Indeed, the story's claims of "instant" overdoses where the addict doesn't have time to even remove the needle from their arm are themselves problematic. While synthetic opioids like fentanyl may produce rapid death -- and fentanyl is sometimes sold as heroin -- heroin overdoses more typically take hours because the drug kills by slowly stopping breathing.

That's where the AP could have found a real story -- one that might actually help save lives. There is an antidote that can reverse opioid overdoses, which is safe and effective and has been quietly working miracles around the country in cities where health activists and city health departments have been distributing it to drug users, usually through needle exchange programs.

It's called naloxone -- and I've written about it previously here and here.

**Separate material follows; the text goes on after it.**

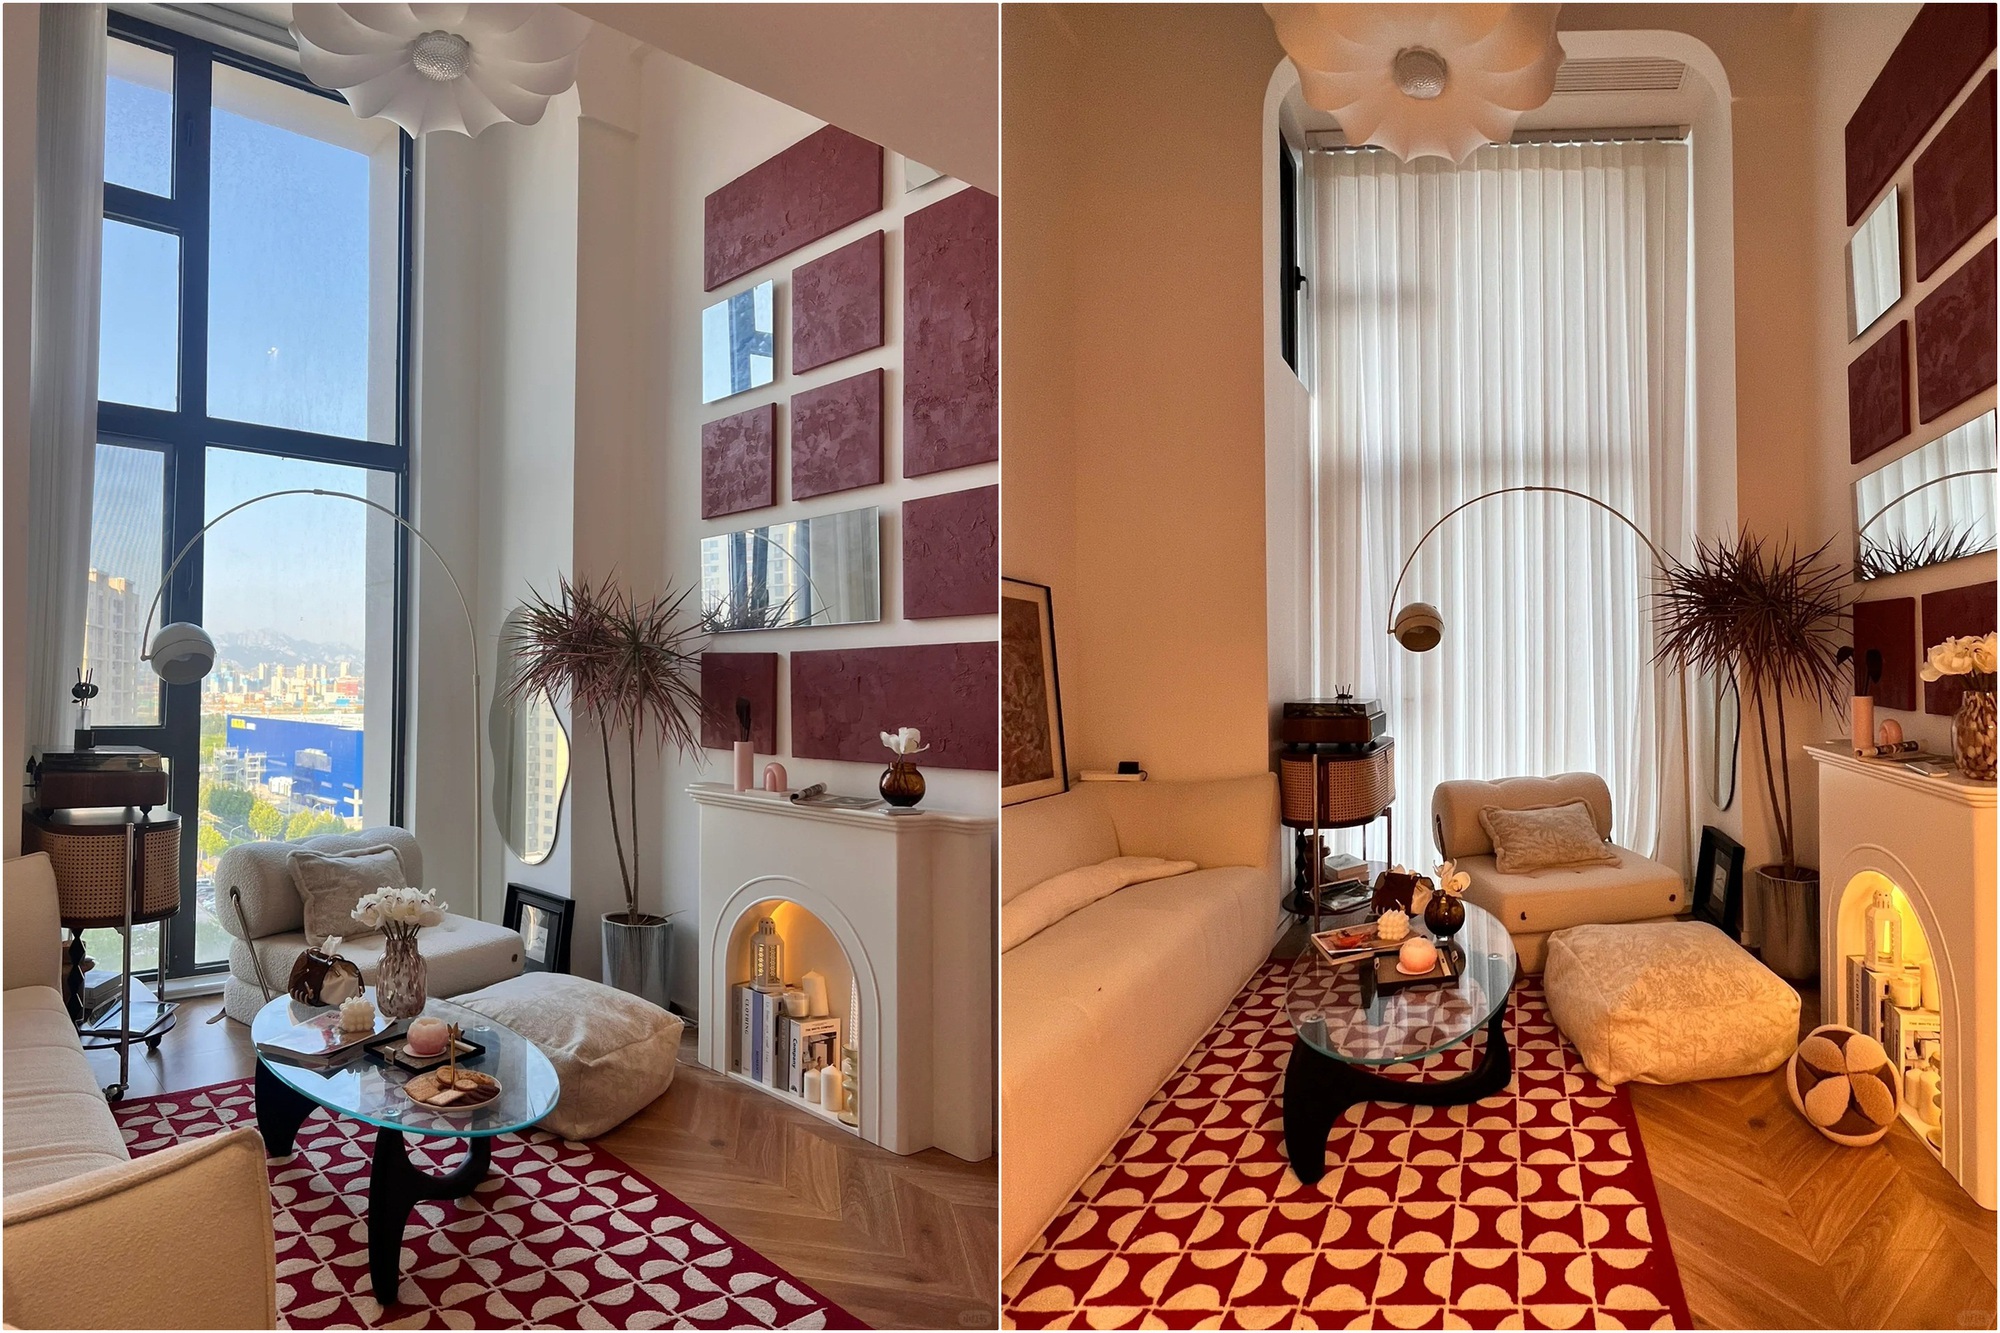 Cải tạo thành công căn hộ gác xép rộng 30m² gây ấn tượng với vẻ đẹp hiện đại, ấm áp - Ảnh 5.

Unfortunately, needle-exchanged-based programs can't reach new users who are at highest risk for overdose -- but there is a way to get this antidote into their hands when it is needed and curb the deadly toll of overdose death. Naloxone should be made available over-the-counter and it should be placed in every first aid kit.

That way, even if parents don't know their children are using or if a new user overdoses with friends, the antidote is much more likely to be nearby. The story of a drug policy that hasn't attempted to save lives in this cheap, effective manner is one that hasn't been told hundreds of times -- and it's much fresher than the $10 bag.